Bigon: "Con l'Udinese contatti per Inler. Se son rose, fioriranno ..."

Il ds del Napoli, Riccardo Bigon, è intervenuto ai microfoni di "Marte Sport Live" su Radio Marte, rilasciando alcune dichiarazioni all'indomani della gara del Meazza. Ecco quanto evidenziato da Tutto Napoli: “La sconfitta non ci ridimensiona. Intendiamo fare sempre meglio consapevoli di tutte le difficoltà e di tutte le risorse che ci ritroviamo. In questi mesi non ci siamo mai esaltati dopo vittorie importanti e nemmeno stavolta penseremo a deprimerci. L'Inter è club di grossi campioni. Nel primo tempo, abbiamo tenuto testa agli avversari rischiando addirittura il vantaggio, poi però sui piazzati ci siamo un po' persi. Hanno fatto loro il possesso della palla, cominciando a farla girare con gli ottimi palleggiatori di cui dispongono. Nulla cambia sotto il profilo degli obiettivi. A me non piace fermarmi a guardare cosa sta succedendo oggi. Vogliamo cominciare a rappresentare una realtà importante, non soltanto in ambito nazionale. Ci stiamo riuscendo mi pare. Tutta l’organizzazione aziendale, dalla tecnica alla dirigenziale, è fiduciosa di ripartire, magari già da domenica, con il passo giusto".
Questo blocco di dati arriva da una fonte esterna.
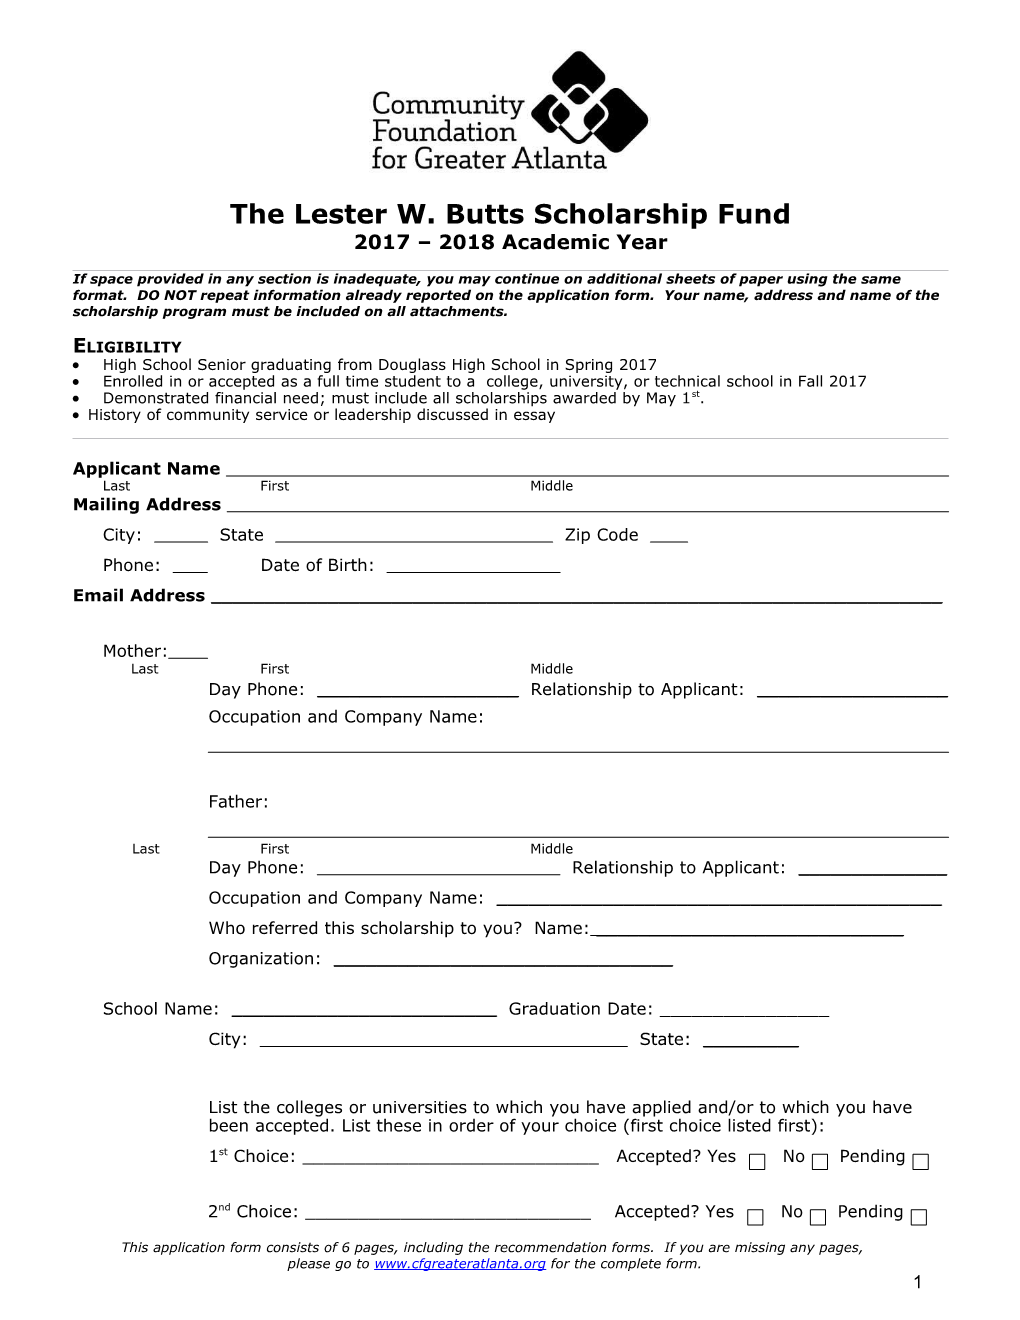 The Lester W. Butts Scholarship Fund

Tutto esaurito al San Paolo per la supersfida con la Juventus: “Sarà una partita densa di significati. L’ultimo turno non ha sorriso a nessuna delle due contendenti. Le aspettative sono alte e gli entusiasmi alle stelle. Questa grande affluenza allo stadio dimostra quanto la gente apprezzi il nostro modo di applicazione”. 

Quagliarella si rompe il crociato, per lui stagione finita: “Ieri ho parlato con il suo agente nell’attesa degli esiti di questi esami. Tutti speravamo che la situazione non fosse così grave. A nome della Società tutta, faccio a Fabio i migliori auguri di una pronta guarigione. Conoscendolo, sono sicuro che il ragazzo ne verrà fuori più forte di prima”. 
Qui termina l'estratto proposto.